Here again, the Vulgate differs widely from our translation: Thou shalt appoint a legislator over them, O Lord. And if we follow that interpretation, it is an easy step from the “patient abiding of the meek” in His Passion, to the glory of the Legislator in His exaltation. Or, if you will, you may take the legislator in S. Augustine’s sense, as referring to Antichrist; (A.) that since man has so far forsaken GOD and so resolutely persisted in his “We will not have this man to reign over us,”* such continued rejection of the King of Peace shall be followed by the tyranny of Antichrist. But if we are to follow our own version, still it applies naturally to our LORD. At the conclusion of the last verse, we left Him in the grave, when His patient abiding seemed to have perished: rightly and meetly it proceeds, Up, Lord; up, and burst the bars of death; up, and become the first fruits of them that sleep; up, (L.) and let not man have the upper hand: let not the guard, and the seal, and the great stone prevail against Thine own Word.
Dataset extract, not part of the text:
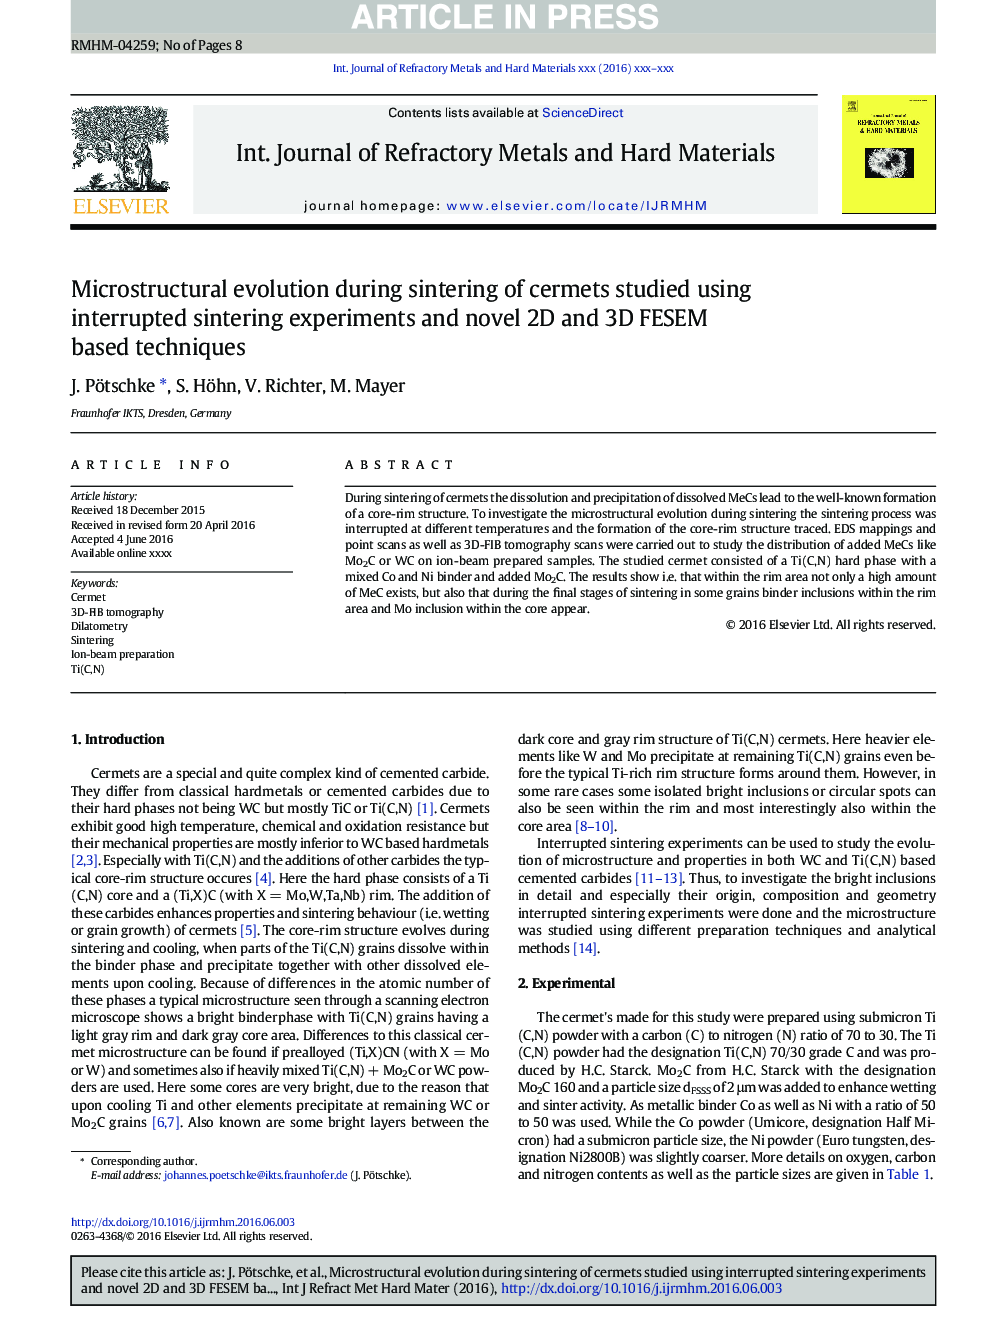 Microstructural evolution during sintering of cermets studied using interrupted sintering experiments and novel 2D and 3D FESEM based techniques

And then again, Put them in fear, O Lord: as indeed it follows, four times in the Acts of the Apostles:* “Fear came upon every soul;” “Great fear came on all them that heard these things;” “Great fear came upon all the Church;” “Fear fell on them all, and the Name of the LORD JESUS was magnified.” That the heathen may know themselves to be but men. As the Prophet said of old: “Now the Egyptians are men and not gods, and their horses flesh and not spirit:”* that all the devices, all the efforts, of the heathen, the laws of their emperors, the eloquence of their philosophers, the violence of their rabble, may be but the feeble endeavours of mortal men, against the omnipotence of a wise and ascended GOD.